• [REQUIREMENT] Copy, exactly and without additions, every line in the records below from the one holding "Australian Animals Colouring" through the one holding "A mirror with", both ends included.

• [EXERCISE DATA]
::::::::

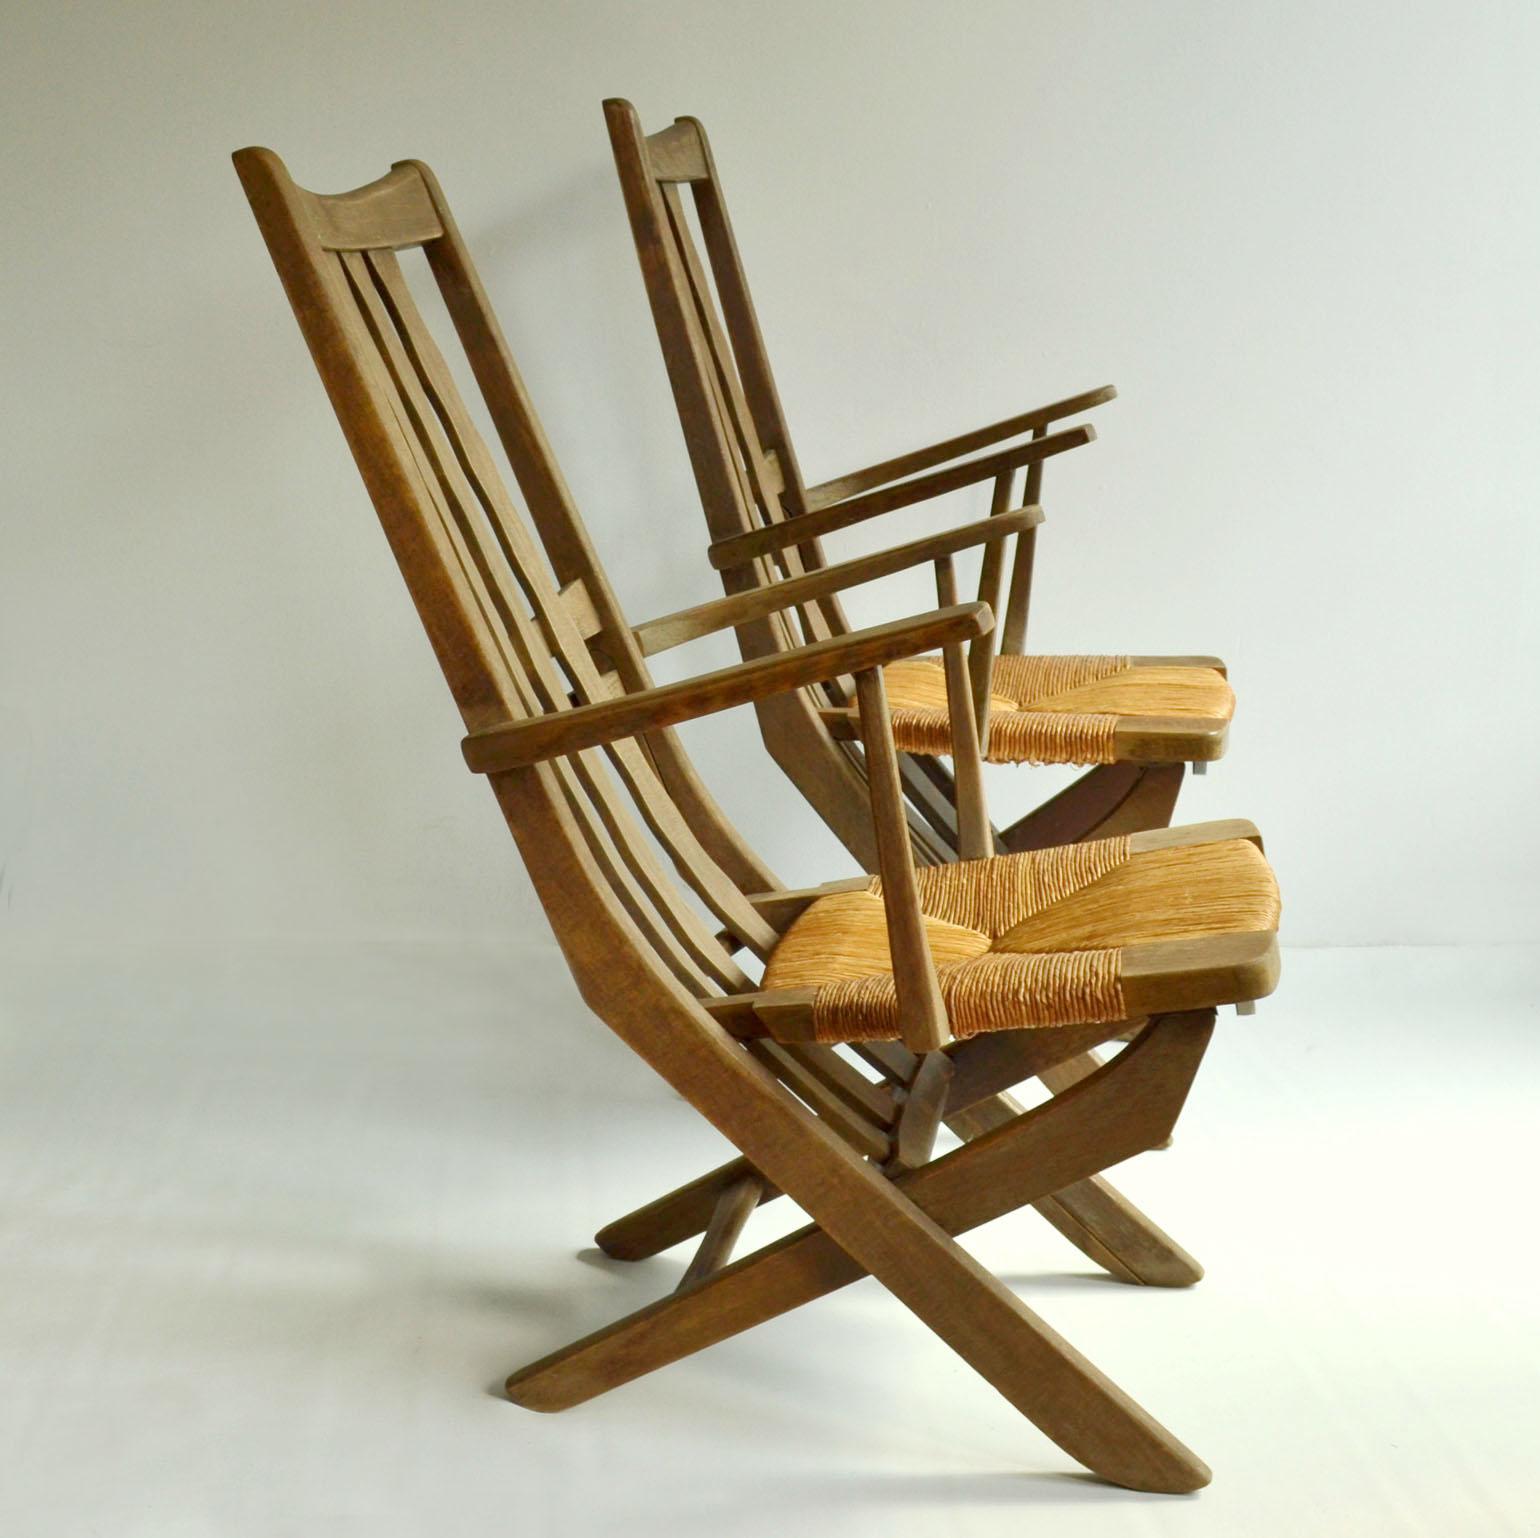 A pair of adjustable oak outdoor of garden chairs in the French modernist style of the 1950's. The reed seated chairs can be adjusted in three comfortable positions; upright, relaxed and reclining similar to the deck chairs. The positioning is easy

::::::::

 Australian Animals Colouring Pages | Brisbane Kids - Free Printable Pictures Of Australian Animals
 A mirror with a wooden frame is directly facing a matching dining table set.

::::::::

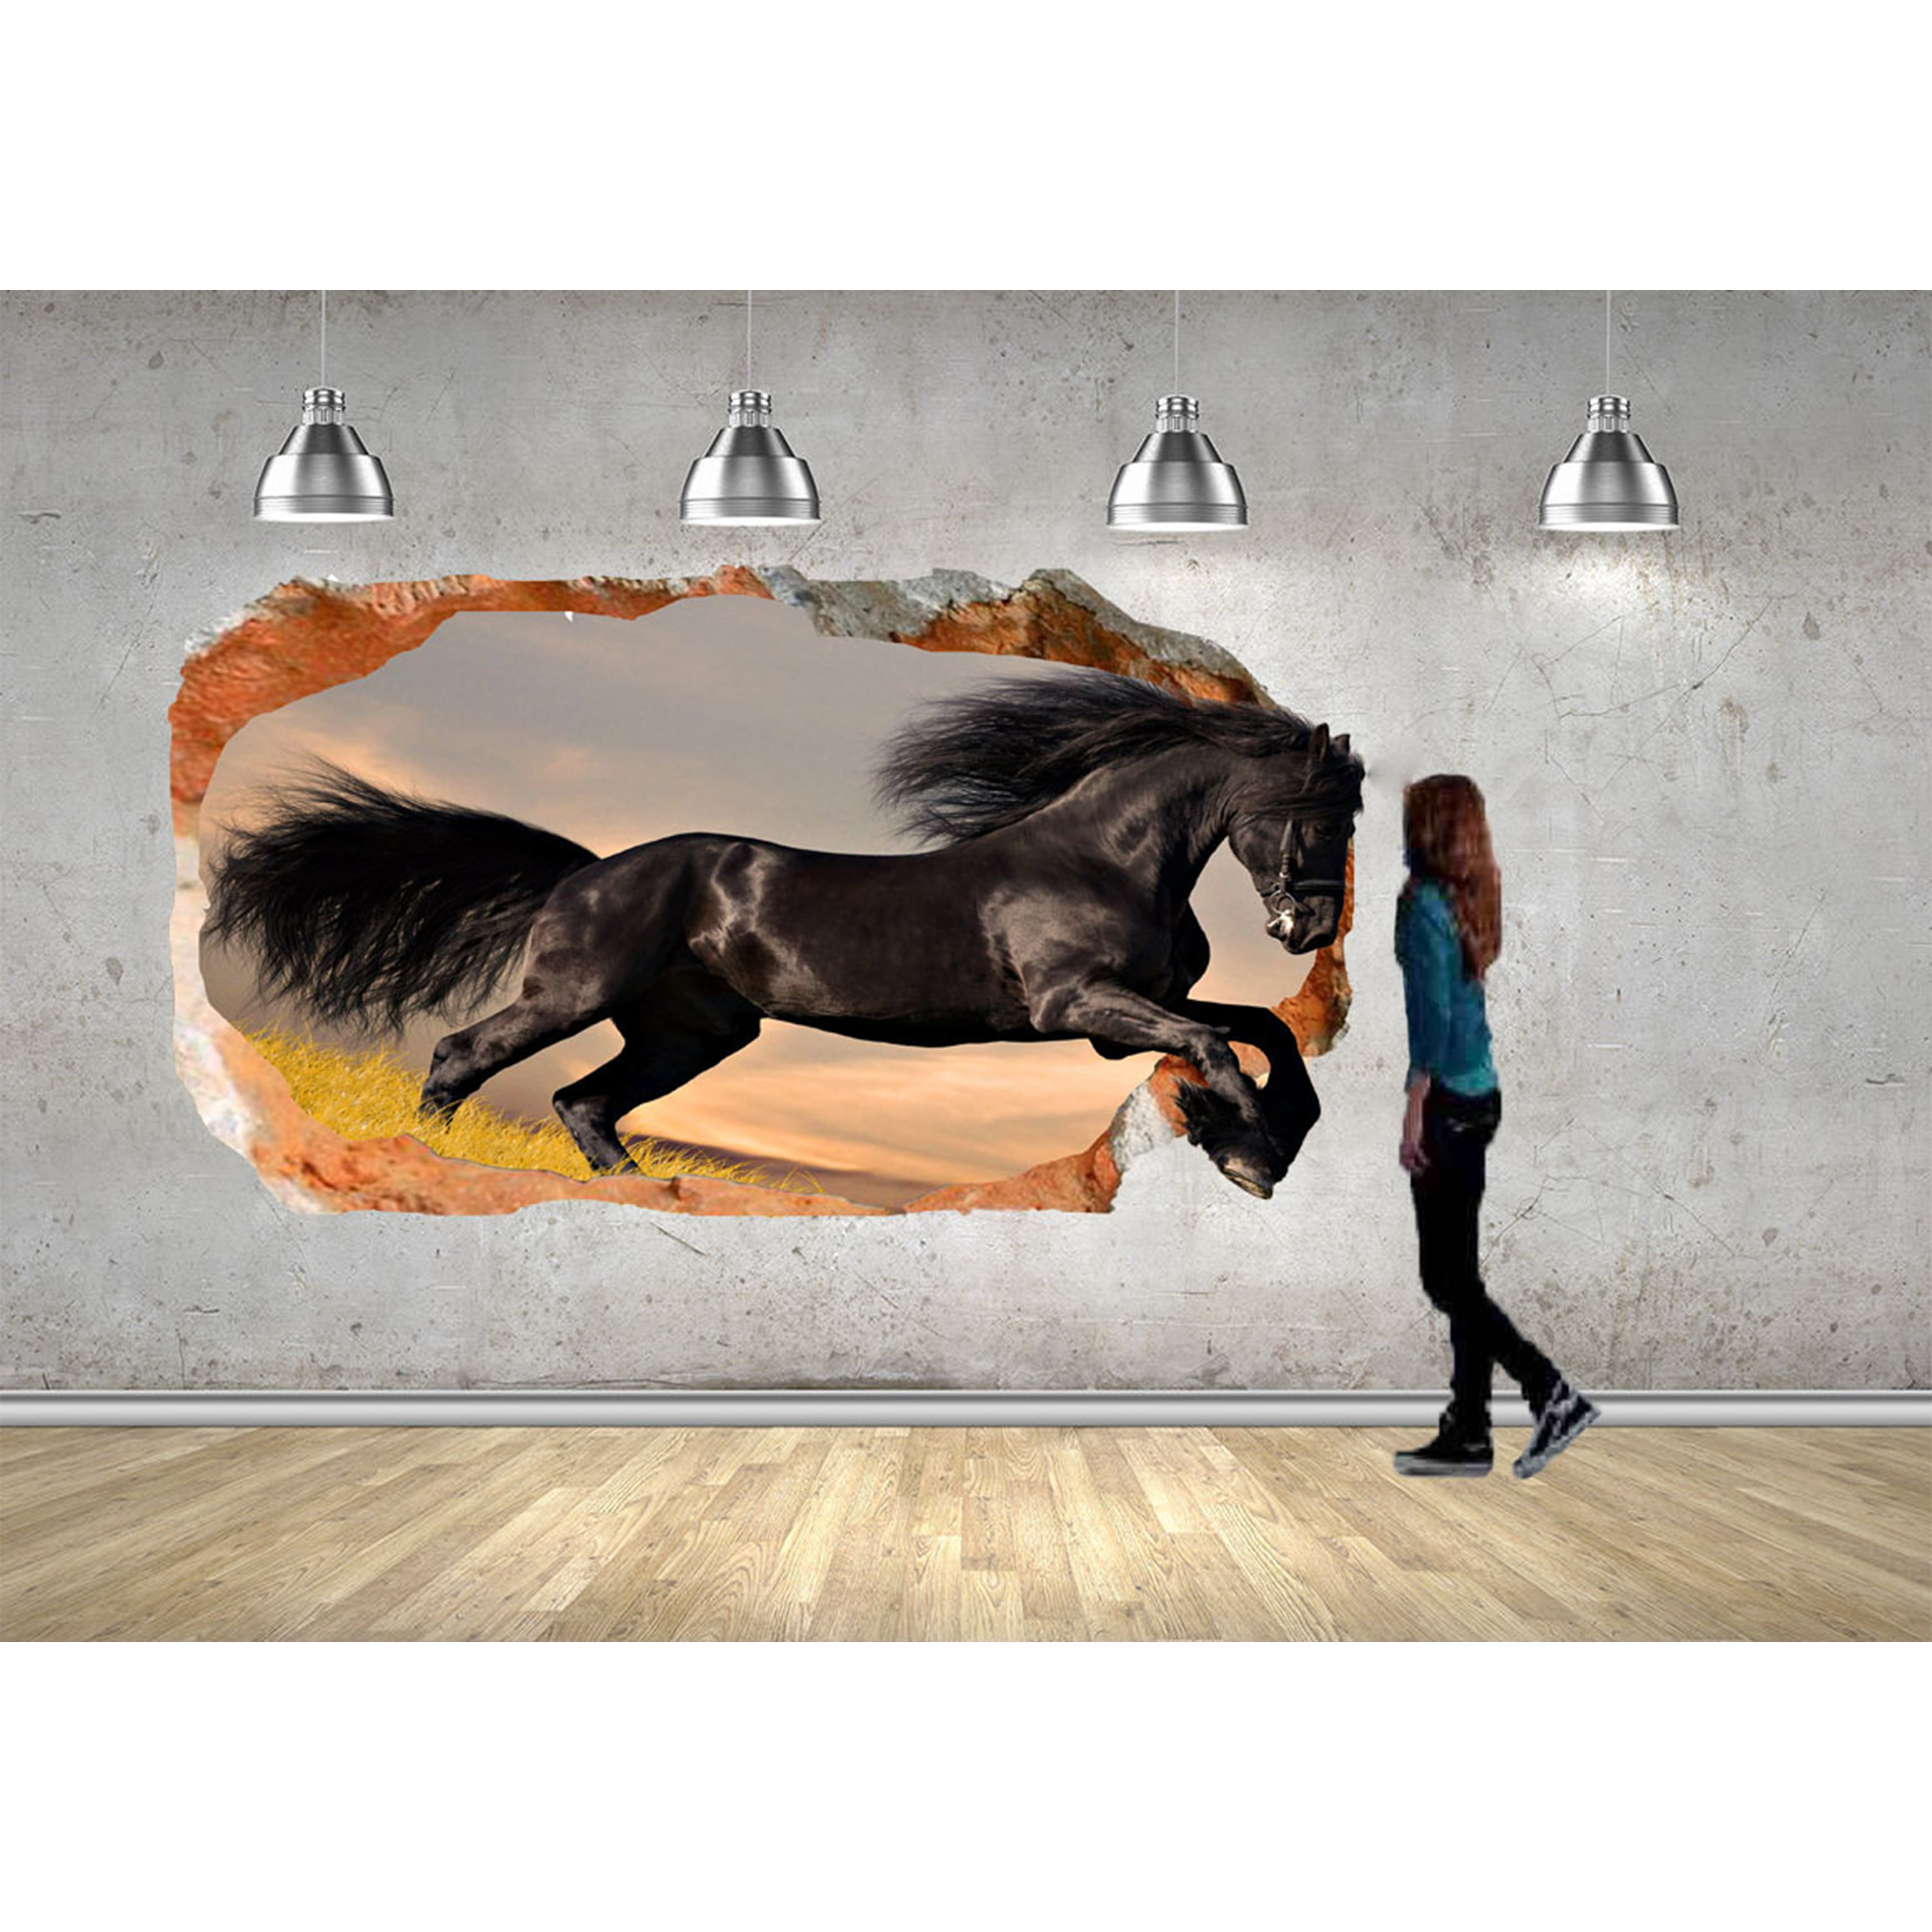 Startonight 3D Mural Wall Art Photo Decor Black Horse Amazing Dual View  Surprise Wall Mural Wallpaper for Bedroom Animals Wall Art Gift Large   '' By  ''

::::::::

• [TASK ANSWER]
 Australian Animals Colouring Pages | Brisbane Kids - Free Printable Pictures Of Australian Animals
 A mirror with a wooden frame is directly facing a matching dining table set.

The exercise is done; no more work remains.